The key here is to have the crucial elements in place. First, start with the assumption that an organisation will be hit and plan a cybersecurity strategy accordingly based on that idea.  Preparation is the best defence. Organisations should also invest in anti-ransomware technology – according to our survey, nearly half (49%) of those in Singapore believe cyberattacks are now too advanced for their IT team to handle on their own. This only emphasises the need for companies to have the right tools to be prepared for these malicious threats. Businesses should consider using a managed threat response service to help bridge the gap left by a lack of security personnel. 

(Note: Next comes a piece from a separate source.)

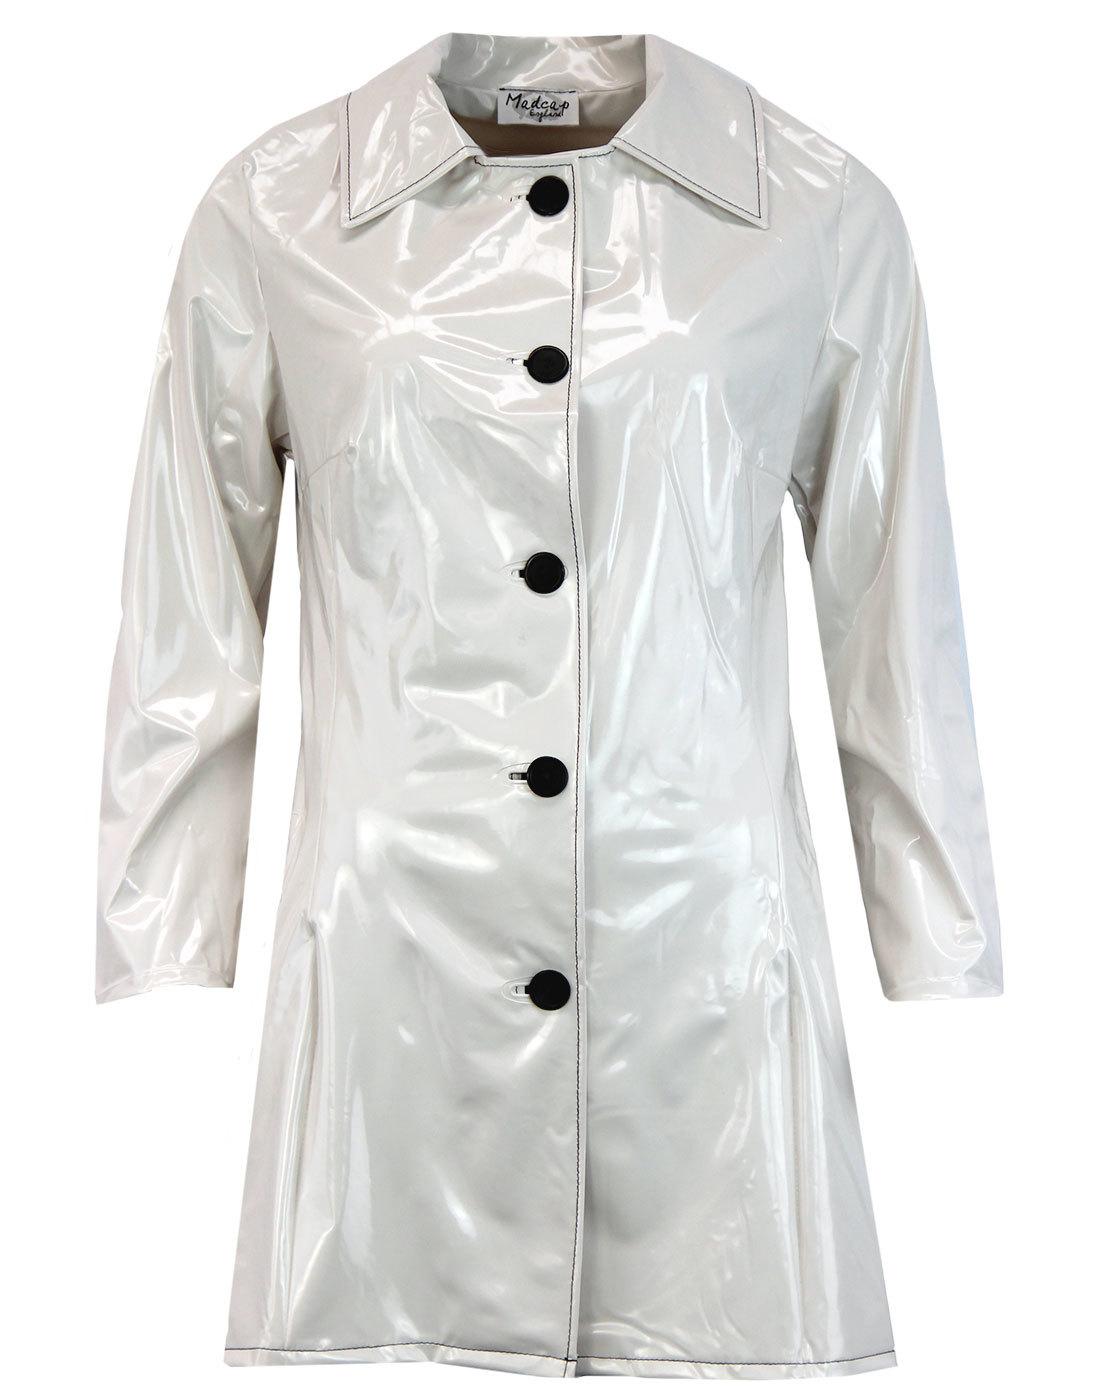 Jackie MADCAP Made in England Retro 60s Raincoat W

It’s also wise to protect your data wherever it’s held. Ransomware doesn’t discriminate, and attackers can hold data that’s in the public cloud as easily as it does on-premises.  Organisations should have regular backups in place and store data offsite and offline so that if they are hit, they can recover as quickly as possible and get back to business as usual. The ransomware landscape is changing. RaaS is the new normal, but with the right defences and a cybersecurity plan in place, companies can keep their business intact – and avoid the costs and disruption of a ransomware attack.